Music Player Daemon on the MusicPal

Some time ago I recived a MusicPal as a gift. Out of the box the device is great fun, and made a very good present. The device is designed to work as an internet radio, It can connect to a wireless network and stream radio from various internet radio stations. However the device does have a few limitations when you want to play your own music. The device can connect to Media servers that use the UPnP Media Devices Protocol and the device is operated using two rotary knobs. For me the combination of these two features is the major design flaw in the product.  I don’t want to walk over to the device, twiddle some knobs and play a tune that is on my laptop, instead I want to select songs from my laptop and queue them up for playing on the device. There are two remote control applications for the MusicPal, one which is accessible through a web interface, and another which is Windows™ software. However both of the remote control applications are useless, all one can do is pause music, you can’t select a new song to be played, change the position of playback or even fast-forward and rewind!

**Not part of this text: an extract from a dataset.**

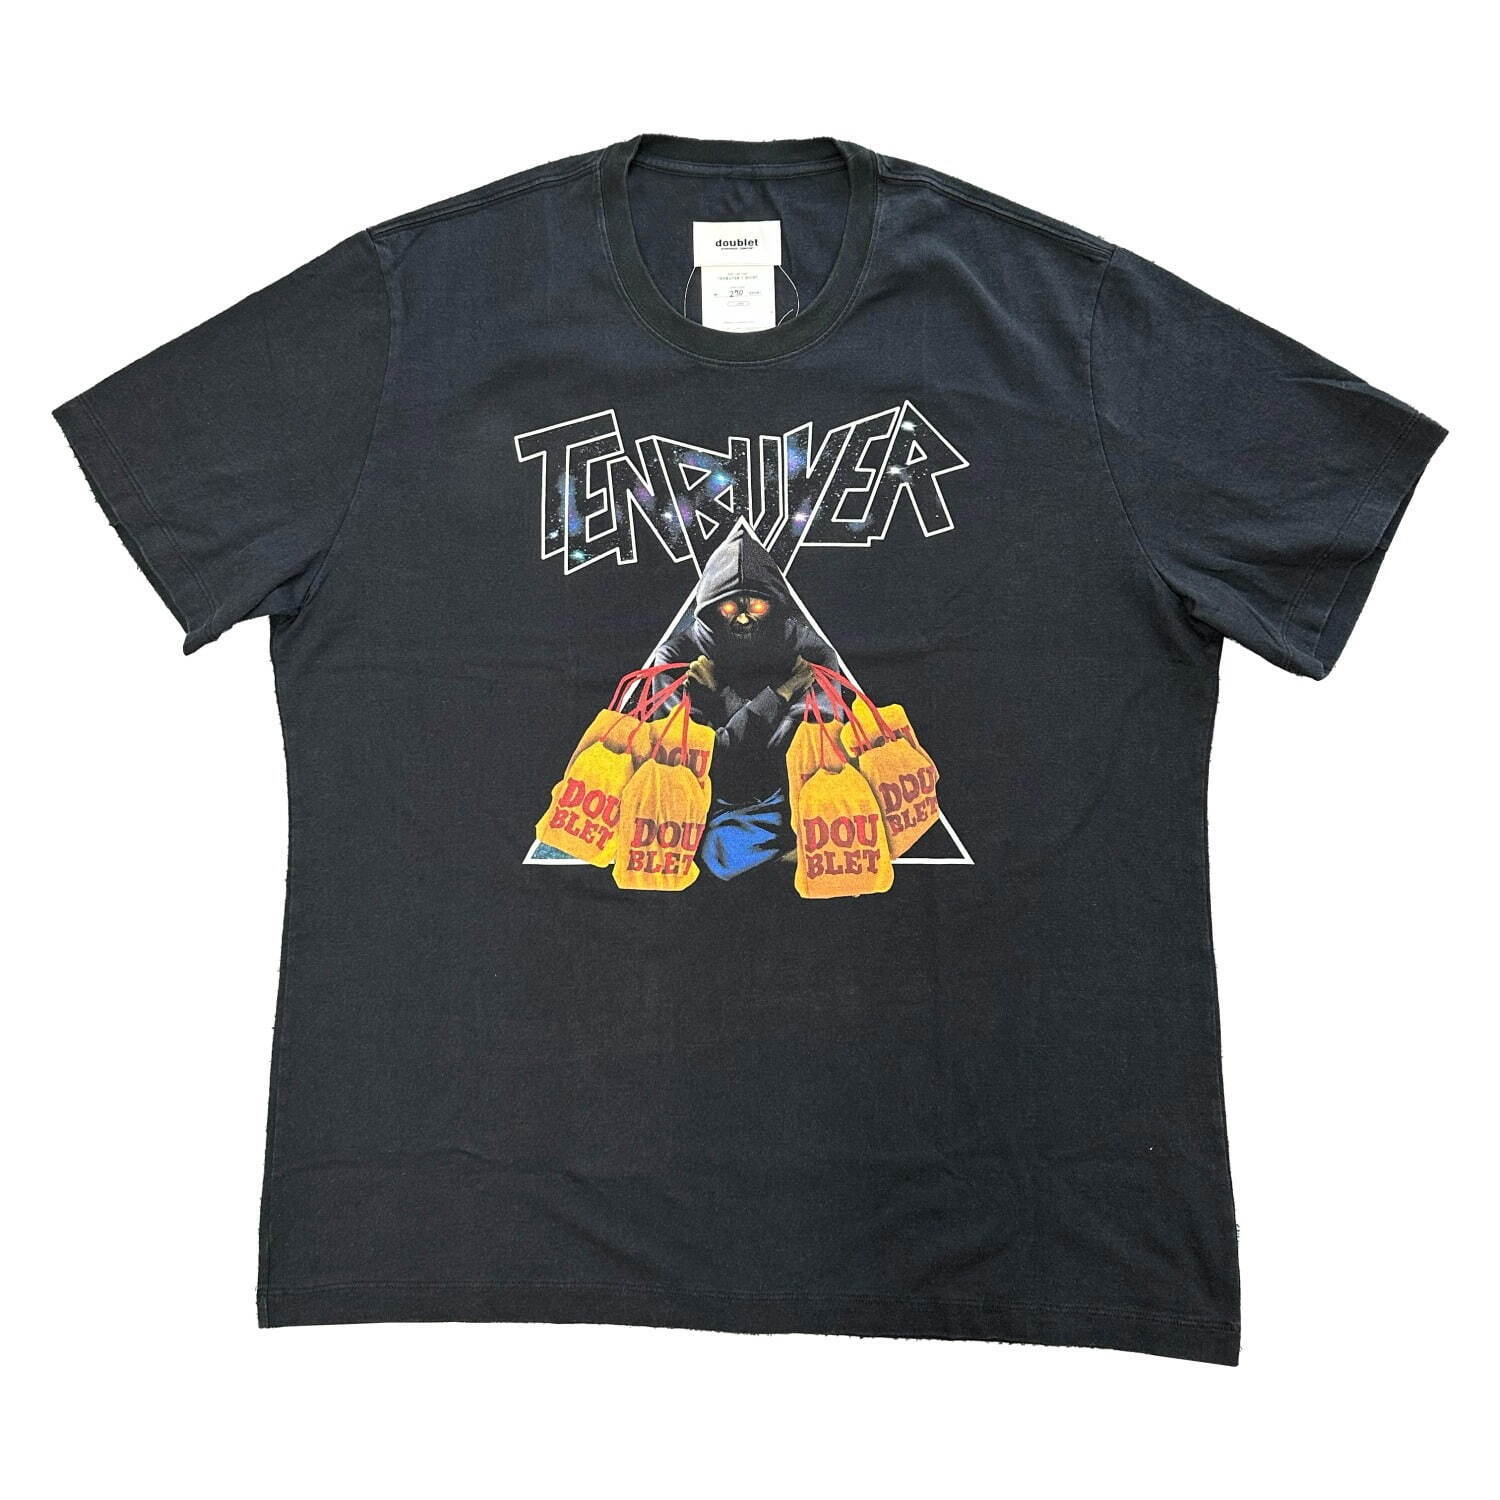 「転売ヤーTシャツ」16,000円

Well a while ago,  I found a blog from someone who goes by the name of Nerdy Toad who was trying to run Music Player Deamon on his MusicPal.  At the time he had only managed to make a test sinewave come out of the devices internal speaker, and we worked together to see if we could get output from the line-out of the device. We were somewhat unsuccessful. However, about half a year later, someone called Maz took our research further. He was able not only to get sound fully working on the device, he was also able to patch Music Player Deamon to work on the device aswell.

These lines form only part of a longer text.